---- SOURCE MATERIAL
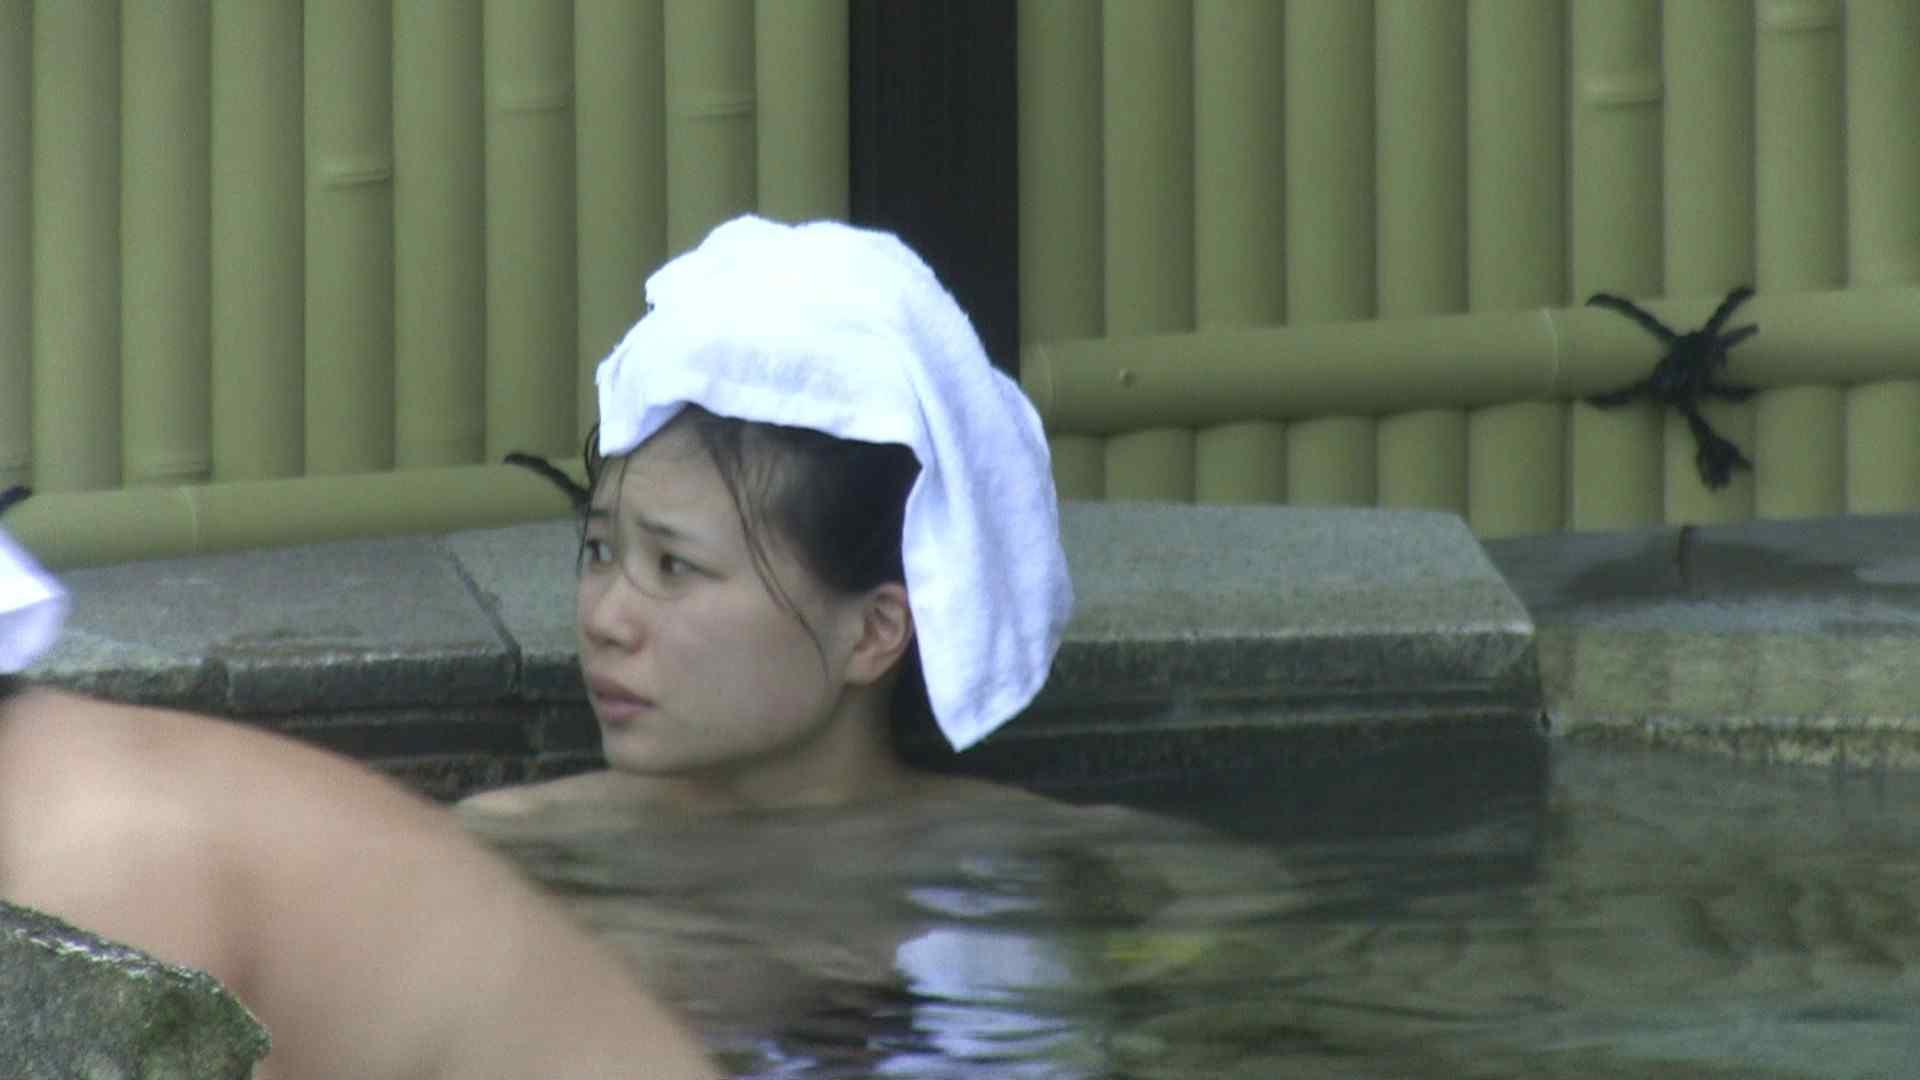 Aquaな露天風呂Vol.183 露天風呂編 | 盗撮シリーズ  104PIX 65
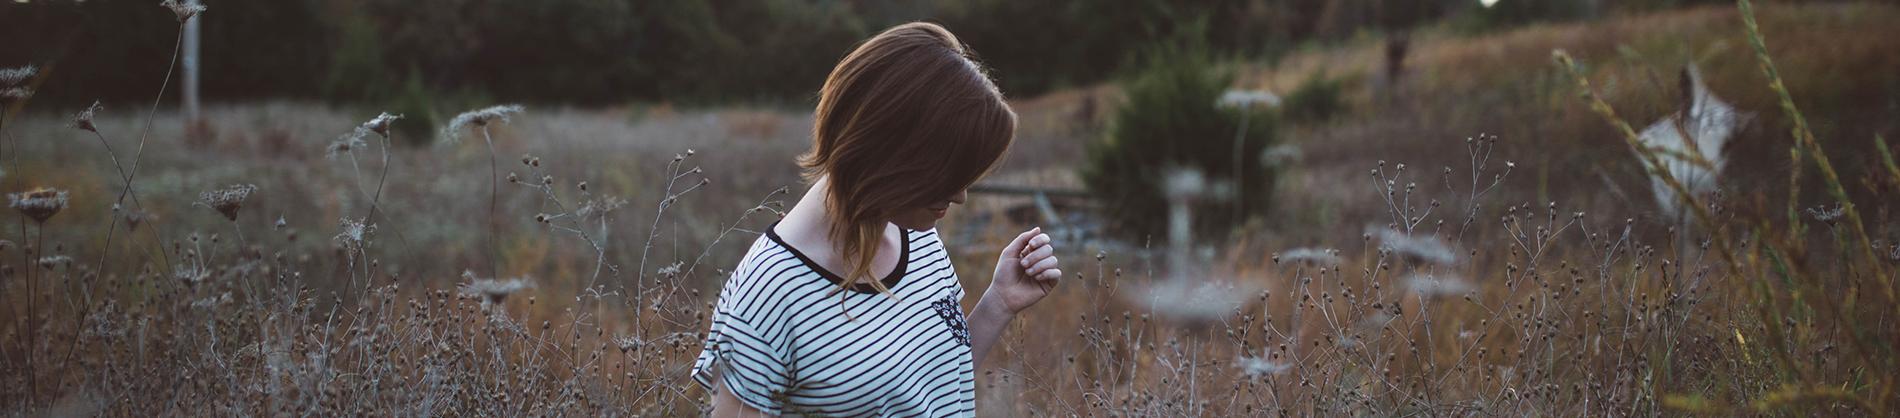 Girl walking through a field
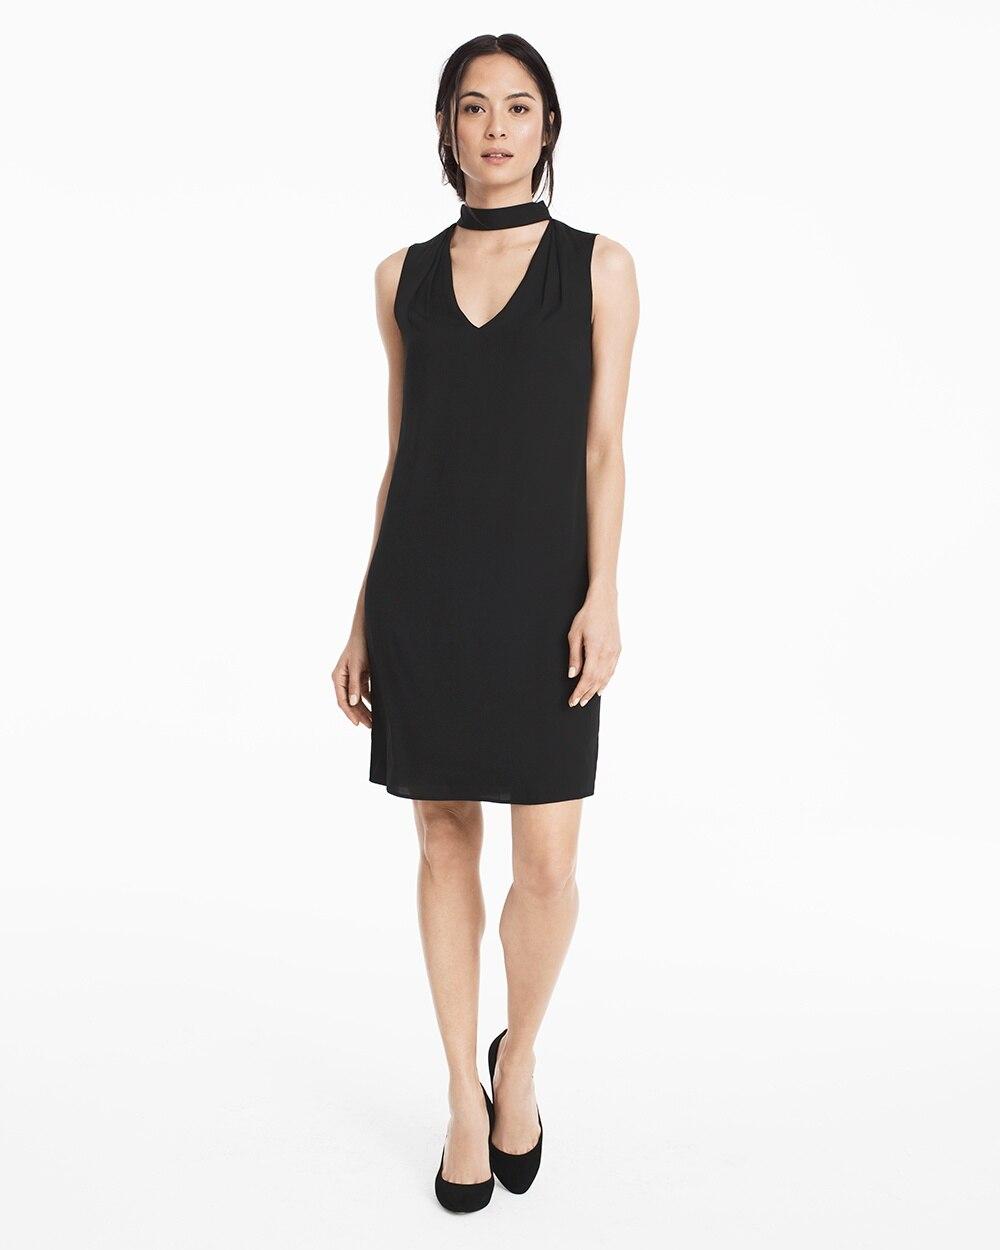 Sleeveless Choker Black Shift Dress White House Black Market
--------
■ **TASK BRIEF**
Output only the lines that run from the line containing "Girl walking through a field" to the last line of the data, exactly as they stand and without pictures.

■ **TASK ANSWER**
 Girl walking through a field
 Sleeveless Choker Black Shift Dress White House Black Market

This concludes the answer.